You really picked the wrong era to travel around Asia. Those places wouldn't be rapidly developing for another decade. 
I had the same experience driving through Cambodia in 2017. It's like I was back in Vietnam again some 40 years ago. Won't do it again. Although it wasn't so bad in big cities.


----------



## Gaer (Mar 5, 2022)

I was in Puerto Rico on my way to the airport to catch my flight.  
The taxi driver stopped in the road,  JUST STOPPED and went no further, 
 I waited and then asked, "What are you doing?"
He said, "Siesta." and pointed to his watch!  he was sleeping in the  middle of the road!
Comical when i think back about it!


----------



## RFW (Mar 5, 2022)

@Bretrick I forgot to say that you shouldn't let it discourage you from traveling abroad again. I could say the same for US and Canada. There are so many places to discover and things to do but each country is also unique in its own way, with things and people not found or replicated anywhere else.
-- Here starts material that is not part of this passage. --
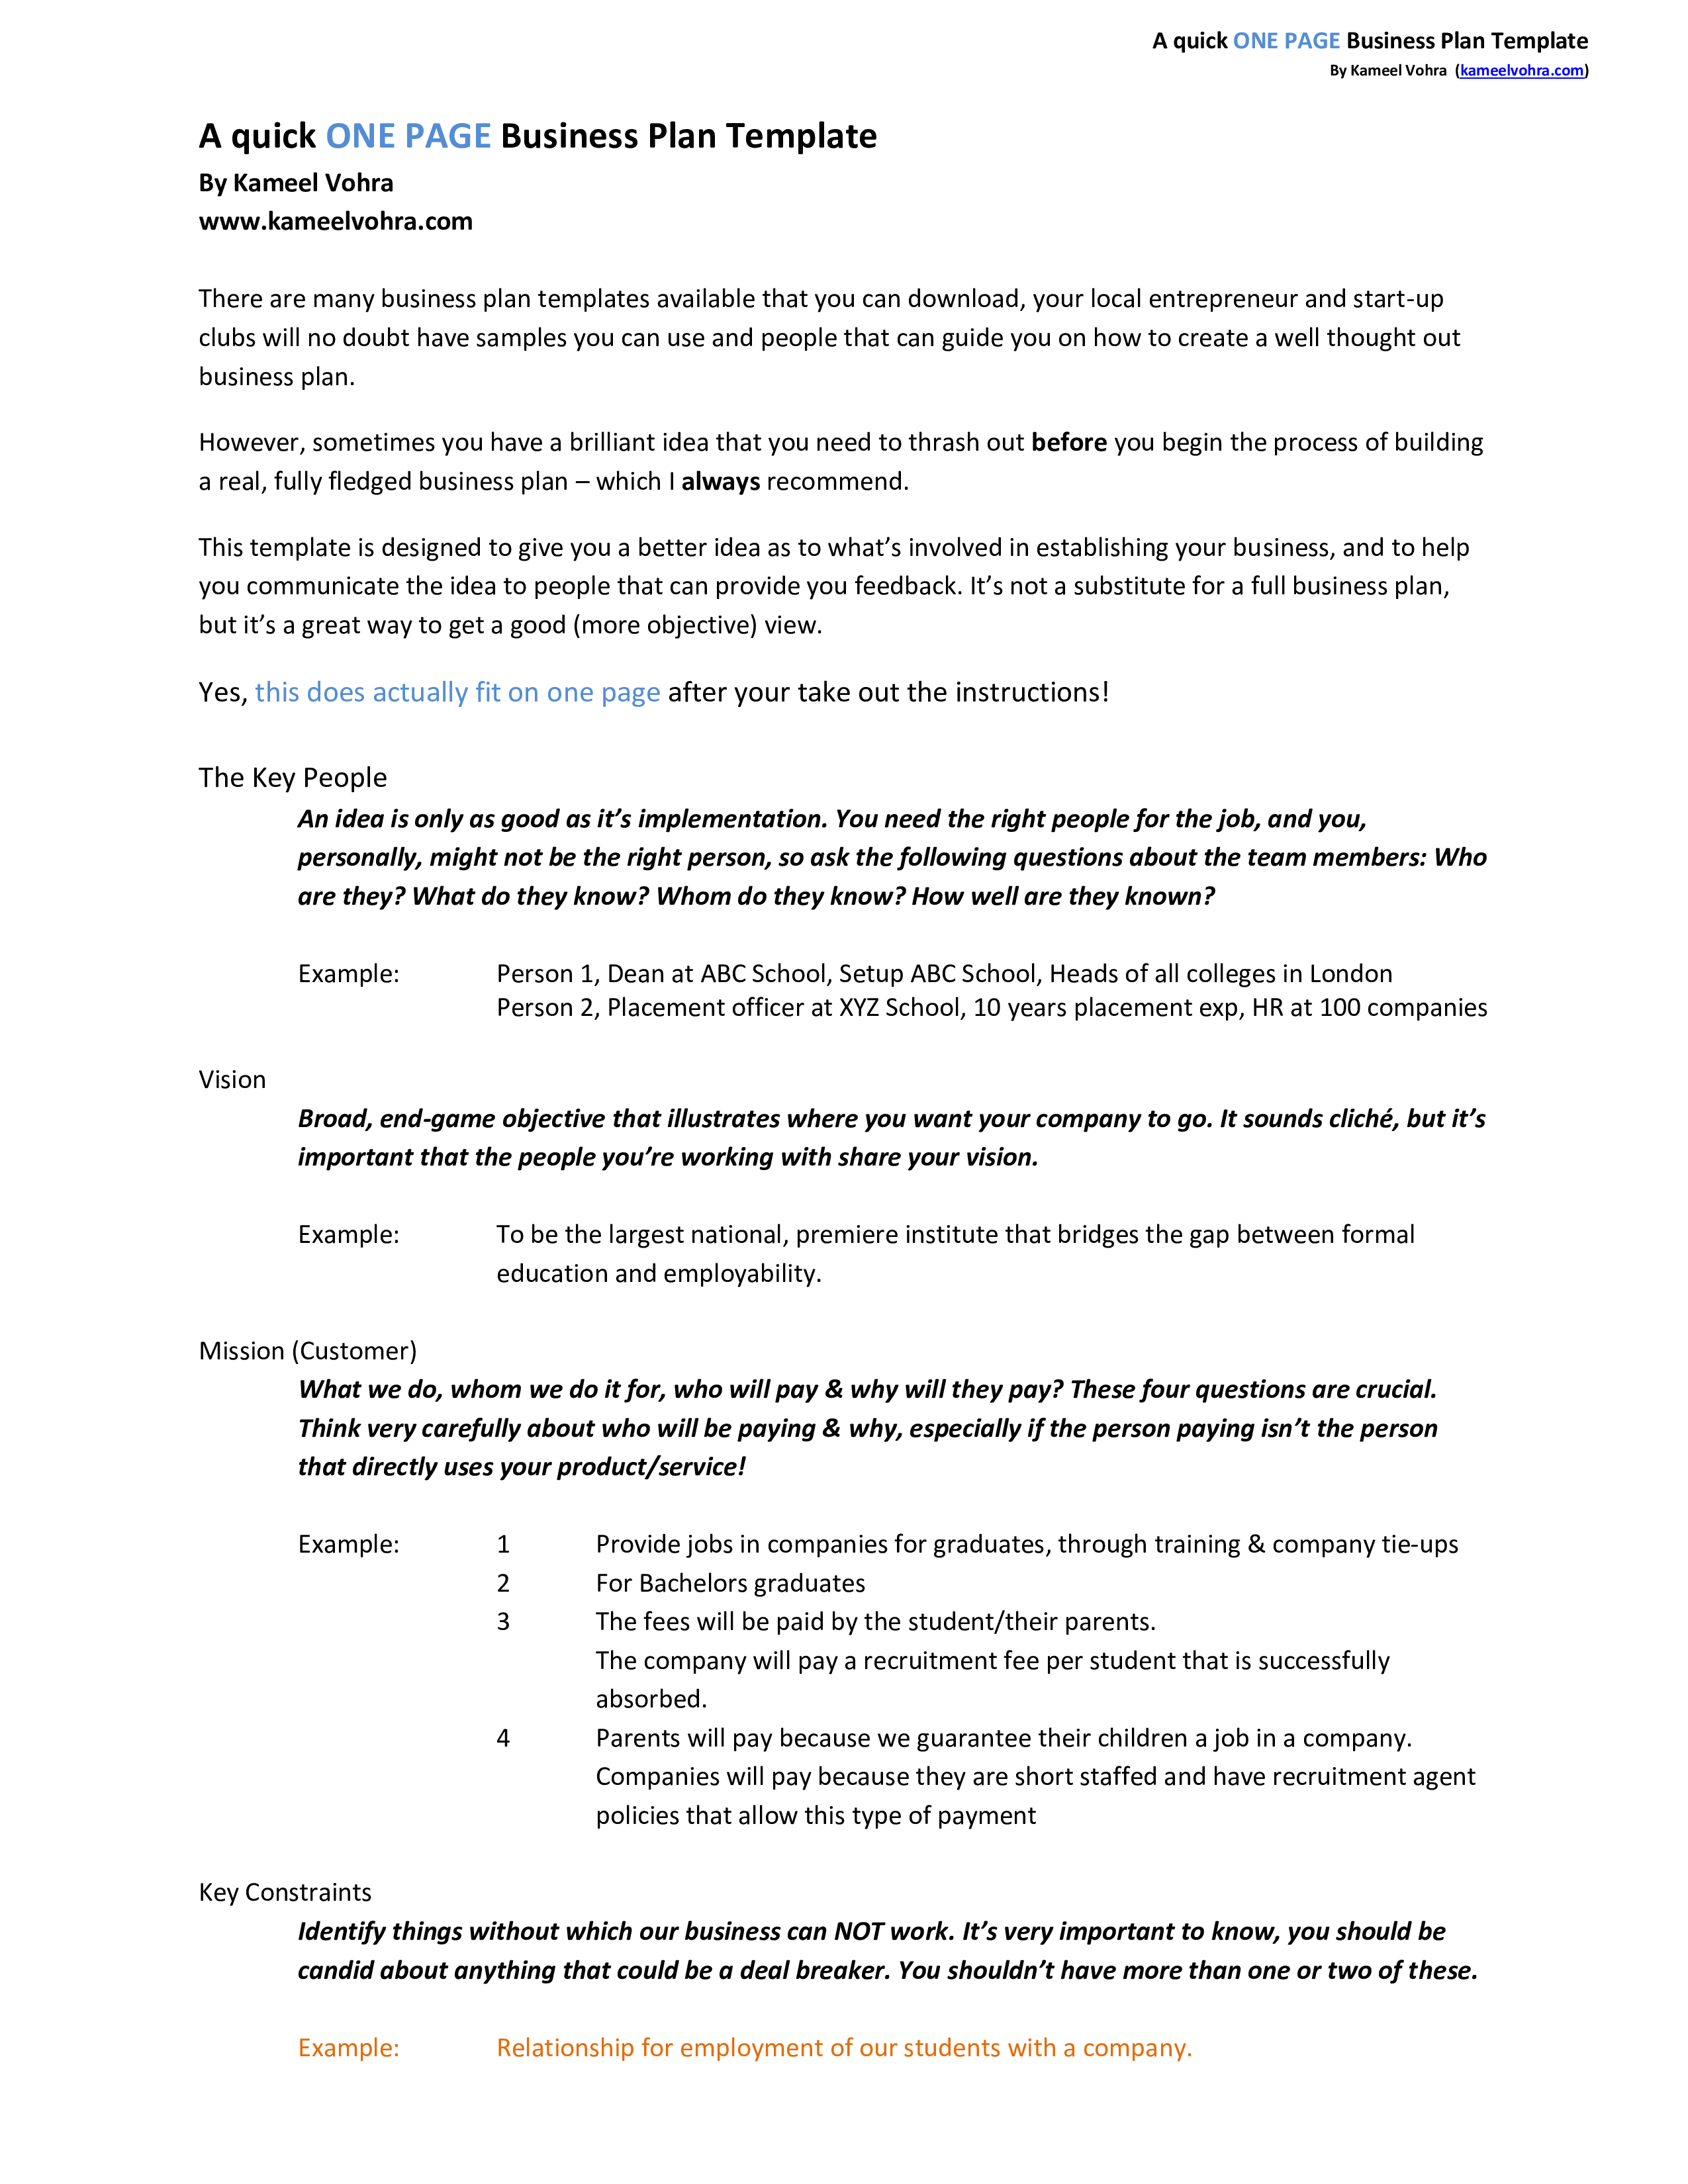 A Quick One Page Business Plan Template - Eloquens With One Page Business Summary Template

Even tourist places in first world countries have hecklers and scammers all over the places. Just avoid and ignore them.


----------



## jujube (Mar 6, 2022)

My sister and I were teenagers, bumming our way around Europe for 3 months and decided on a whim to scoot over to Berlin.  

Unfortunately, I only got a one-way transit visa to take the train from West Germany.  So, to move on after our visit, we had to go over to East Berlin to get another transit visa.

We were given a ticket with a number on it and motioned to sit in a big hall to wait.  Periodically, someone would shout out a number but who knew what 268 sounded like in German.  

Luckily, an older gentleman who spoke some English took pity on us and took us under his wing.  Because my sister was only 14, they put her on my visa as "and child" (we looked about the same age).

Coming back to West Berlin through Check Point Charlie, we were seriously harassed by the East Berlin guards.  They took our passports, locked us in a room and repeatedly tried to get us to sign forms.  After a couple of hours, the let us pass through.  We were in hysterics, needless to say.

The American soldiers at Check Point Charlie said we were just unlucky enough to be chosen to be the ones who got harassed that afternoon.  They said it happened at least once a day.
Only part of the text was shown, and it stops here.